With an ambitious target set for the year 2030, Saudi Arabia aims to bring in 150 million visitors in the next 6 years with an eye on India wherein for 7.5 million visitors at least. In 2023, the country received 1.5 million visitors but huge growth is expected from now to 2030.

“India has been prioritised as a strategic market for Saudi Arabia for a lot of reasons. The country has a growing population of 1.4 billion people with a burgeoning middle class as well. The travel market in India is very diverse. Moreover, it is a destination which is only 4-5 hours away,” shares Aldabbagh.

As the third-largest source of tourists in the Asia-Pacific region, the growing interest from Indian travellers stems from family visits, and spiritual and leisure purposes.

Betting big on India

Bullish on India, Saudi is capitalising on the India opportunity through multiple holistic campaigns and strategic partnerships. Additionally, with 275 direct flights every week between the two countries presently, the air connectivity between India and Saudi Arabia has also been improved lately, encouraging more accessibility. Last year itself, the Saudi nation increased its seat capacity to 2.8 million which is nearly 30% higher as compared to 2019.

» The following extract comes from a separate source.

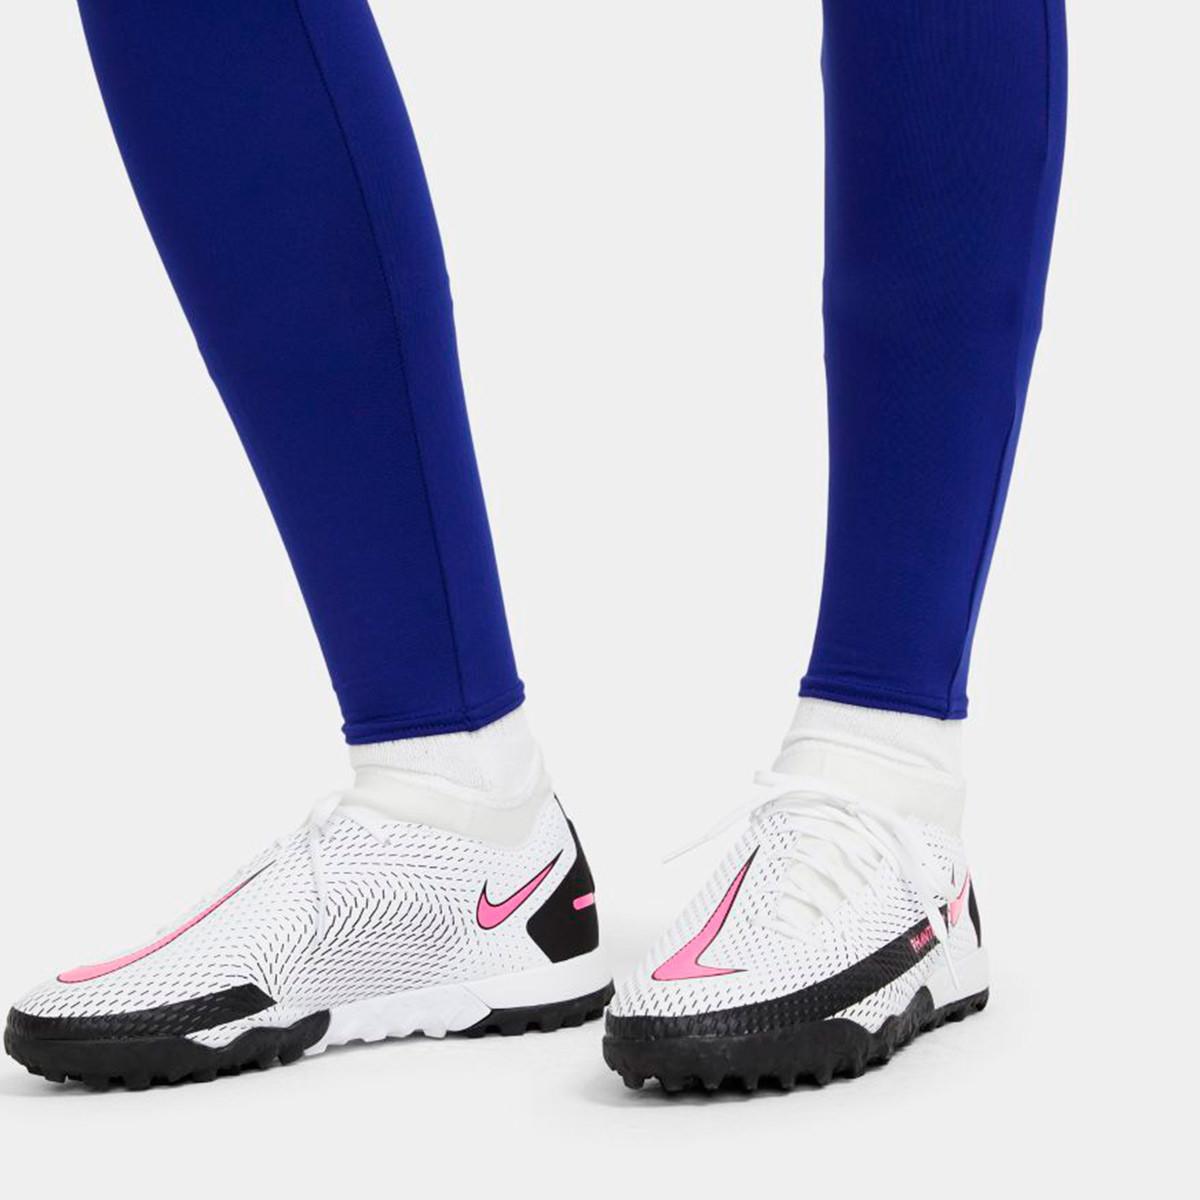 Pantalon Largo Nike Fc Barcelona Academy Pro Knit 2020 2021 Mujer Deep Royal Blue Light Fusion Red Futbol Emotion

“We are working currently with a lot of the Indian carriers such as Air India, SpiceJet, Vistara, Indigo, and Air India Express to create new direct routes to open new cities from India to Saudi and also increase the frequency of existing routes,” adds Aldabbagh.

Saudi Arabia has launched multiple initiatives to enhance travel opportunities between the two countries including offering a 96-hour free stop-over visa to Indian citizens. However, only travellers flying via Saudi Airlines or Flynas, a private low-cost Saudi airline, can avail of this offer. Currently, there are 10 VFS (Visa Facilitation Services) offices in 9 Indian cities with plans to expand further in the future.

Moreover, travellers with US, UK, or Schengen visas qualify for an e-visa or visa on arrival, simplifying travel processes. With intentions to expand further in the future year, there are currently 10 VFS locations in India that offer simplified visa access.

Saudi is also seeing a pickup in bookings from other markets such as Malaysia, China, Russia, and a few others as well. “China was closed for two years so the outbound recovery is very slow but I believe we are getting disproportionate recovery in Saudi more than any other region in the world,” says Aldabbagh.

Luxury with a twist of sustainability

“We are redefining luxury in Saudi Arabia. Luxury is not just about expensive hotels, rather it’s about having authentic experiences, and exclusivity and now it has become about sustainable tourism as well,” says Aldabbagh.

More than ever before, even affluent consumers and travellers are connecting sustainability with the values of luxury. All new giga projects of the kingdom are taking this into account as part of their core design, development and operational value.

Not only is the Neom economic zone being built as a zero-carbon smart city that will run on renewable energy, but the Red Sea project goes a step beyond sustainability. It focuses on regenerative tourism.

“This means they are giving back to the environment. For example, they are helping grow coral reefs and they are rewilding animals like turtles,” explains the president.

Ultimately, under the Saudi Green Initiative, the kingdom has set targets of 0% net carbon by 2060 across all sectors. “We are aware that to achieve the 2030 vision, we need to keep up with the development,” says Aldabbagh.